My weekends are becoming beyond predictible. On Saturday's I spent a couple of hours with my mom and then do whatever housework I can manage. This Saturday I went over the top a bit, and scrubbed my husband's shower (it was beyond gross), cleaned both bathrooms and straightend up the house. I (of course) took breaks between each task, but still managed to overdo it. Saturday evening I agreed to go with my husband to the neighbors for dinner - managed to stay until 9:30 in a feeble attempt to spend time with him, only to leave by myself and for him not to come home until 1am. This is becoming a constant, predictible outcome as well. Needless, to say I was down for the count all day yesterday. I'm asking myself what did I gain from any of that?
If only we could find things to do together now that accomodate my illness, If only he would be considerate enough to come home with me occassionally, If only I felt as if he was making an effort.
I know it seems like a lot of whining and I apologize in advance - but this is where my life is right now, this constant state of figuring out, and adjustment, and realizations.

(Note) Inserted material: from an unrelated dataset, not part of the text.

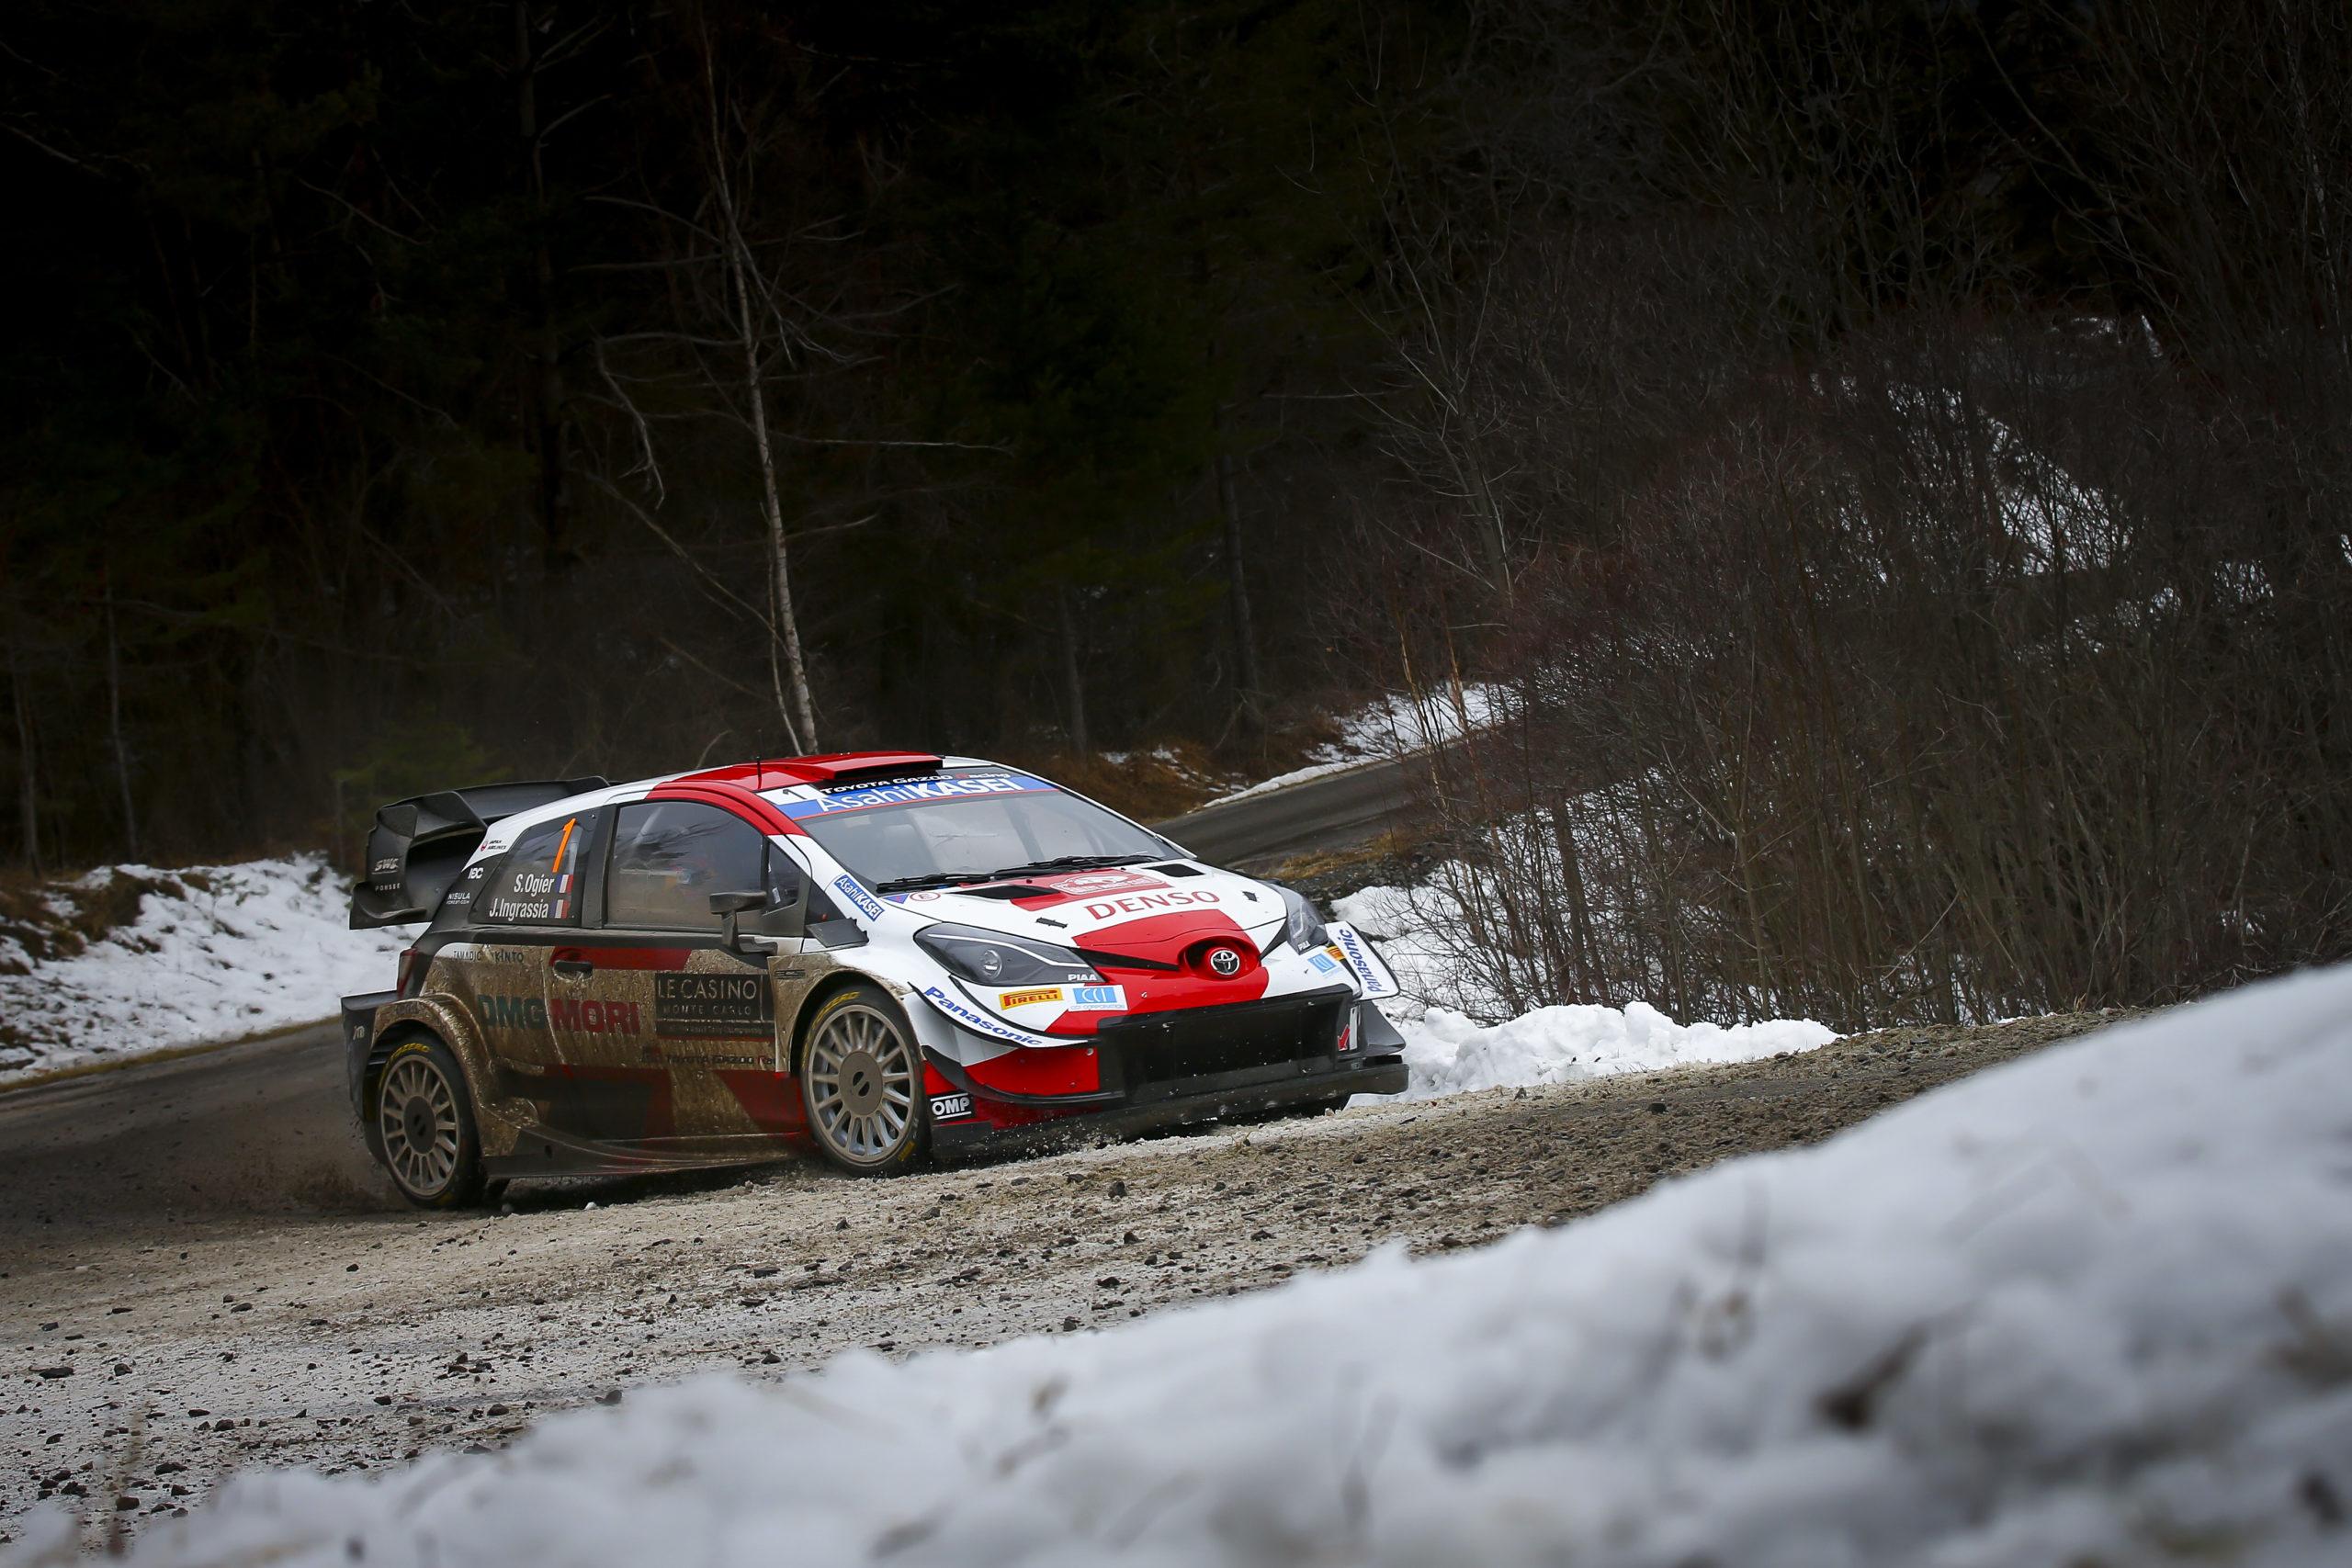 2021 FIA World Rally Championship / Round 01 / Monte Carlo Rally / 21-24 January, 2021 // Worldwide Copyright: Toyota Gazoo Racing WRT, Sébastien Ogier

In other news, I gave my doc note to my employer, as I expected they wanted to send me out on disability because they could not accomodate such a broad request, nor can they accomodate my working from home. I have agreed to finalize the agreement to work 4 days per week and continued flexibility on morning arrivals. I have been informed they absolutely can not accomodate me past this. I'm hopeful that I'll be ok with this, I'm also still planning for if I'm not.